BEGIN

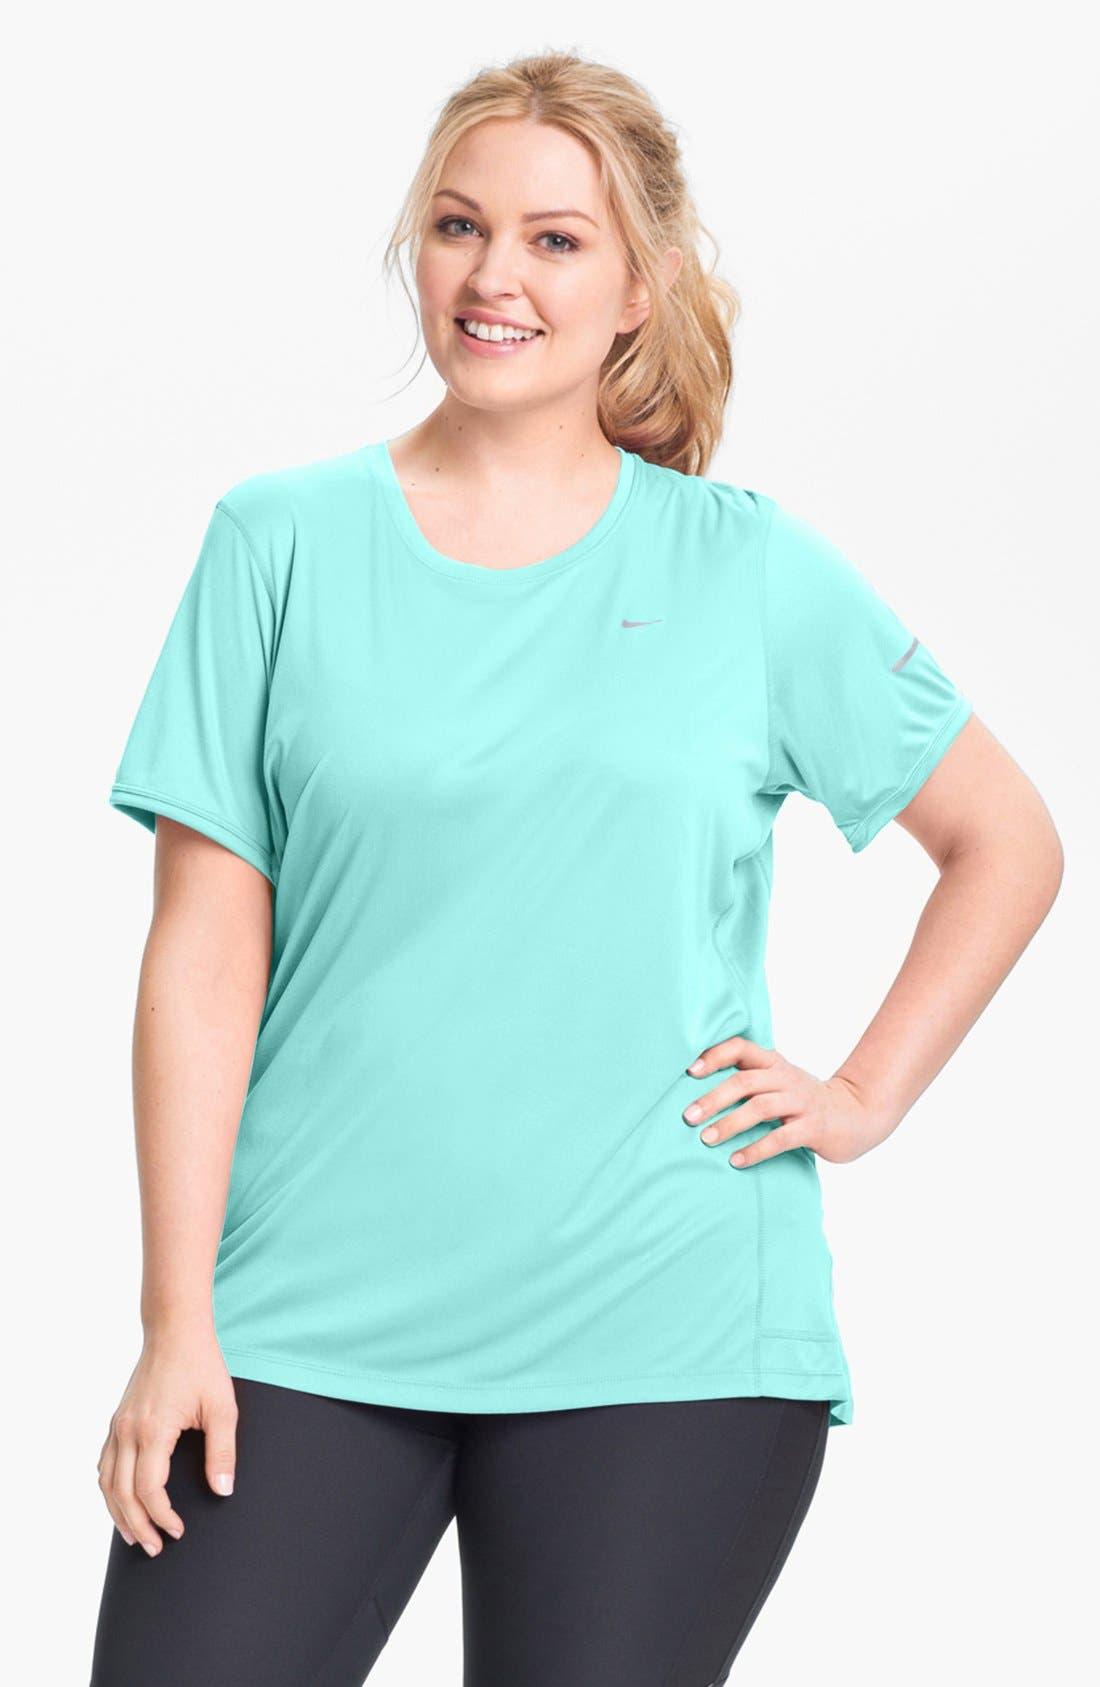 Main Image - Nike 'Miler' Short Sleeve Tee (Plus Size)
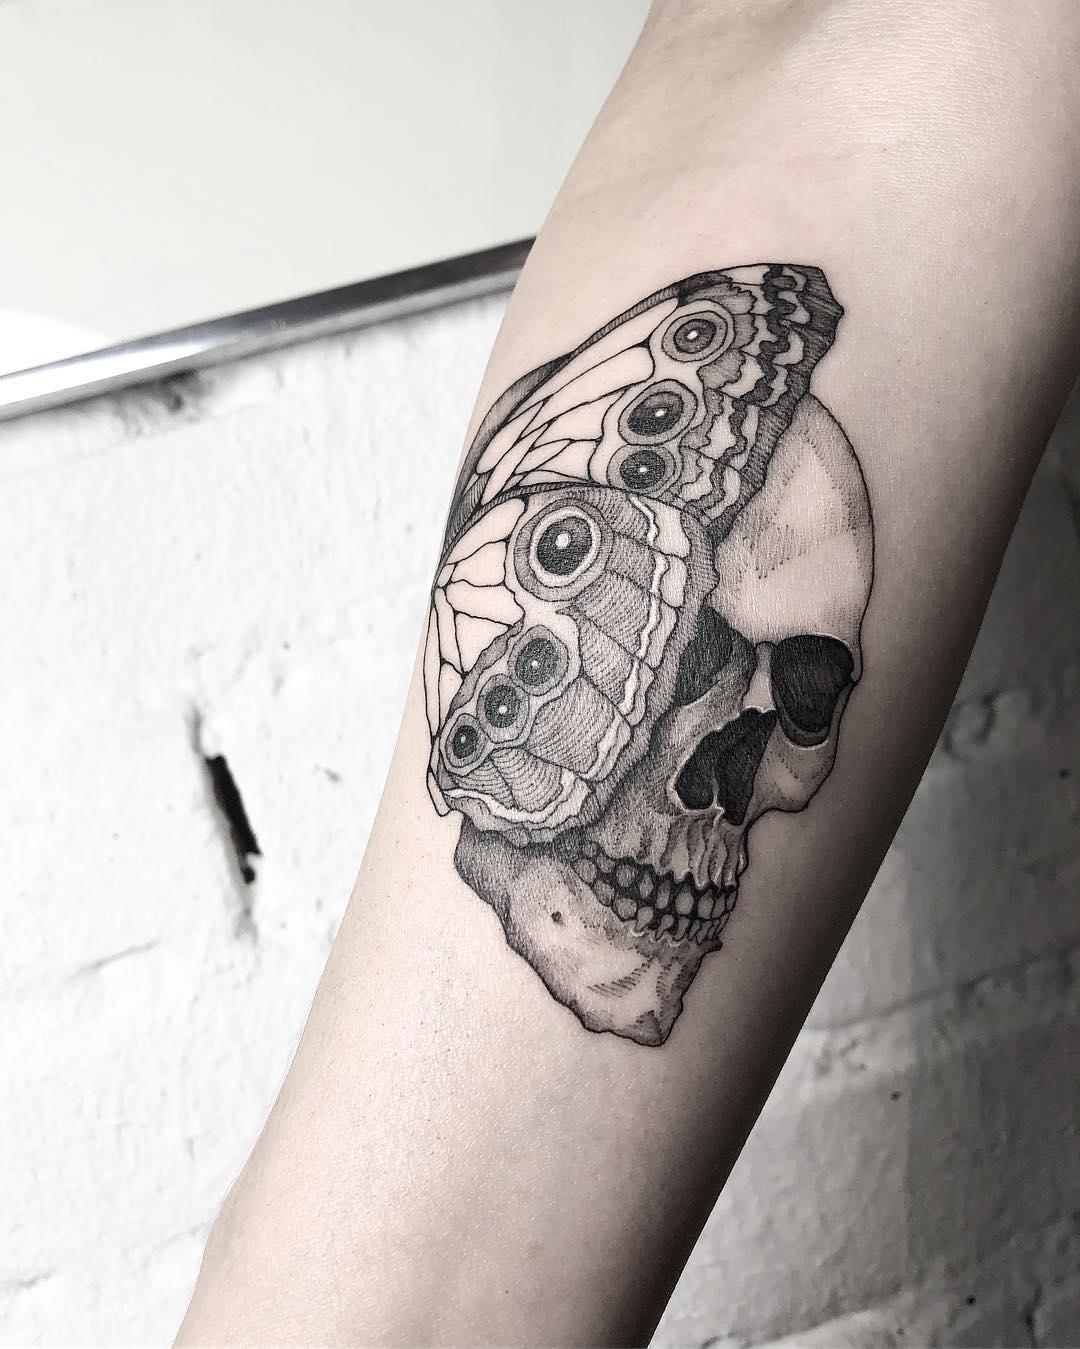 татуировка бабочки и черепа на руке
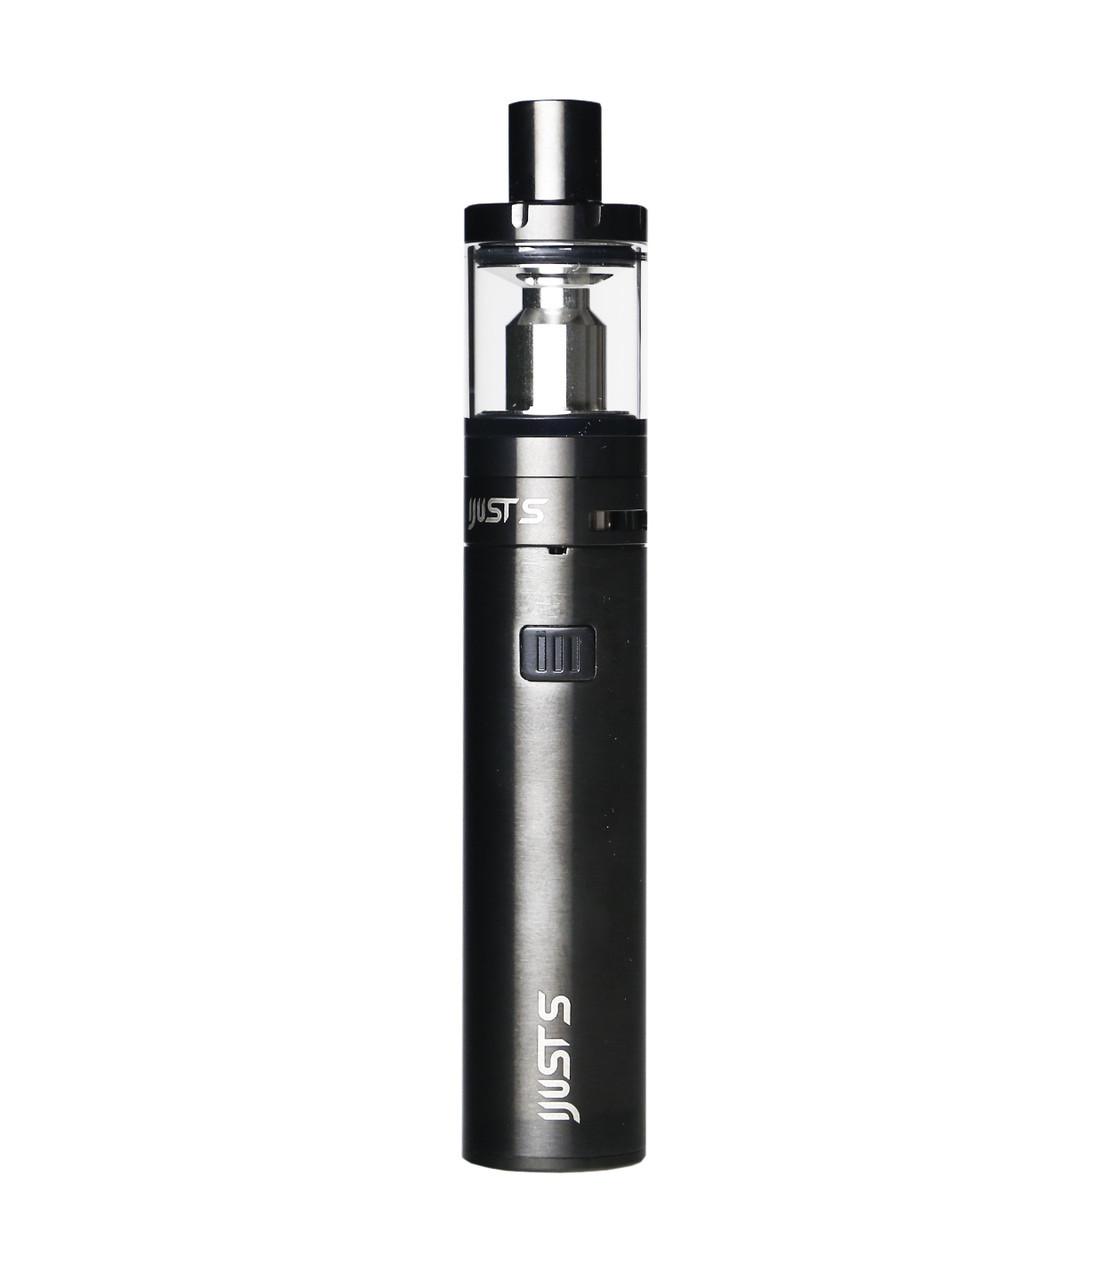 Электронная сигарета Eleaf ijust S 3000 mAh, кальян vape, вейп, вэйп. Айджаст

END

▶ _Directions for this task_: Exactly repeat the data above; the pictures do not belong in your copy.

▶ _Your response_:
 Main Image - Nike 'Miler' Short Sleeve Tee (Plus Size)
 татуировка бабочки и черепа на руке
 Электронная сигарета Eleaf ijust S 3000 mAh, кальян vape, вейп, вэйп. Айджаст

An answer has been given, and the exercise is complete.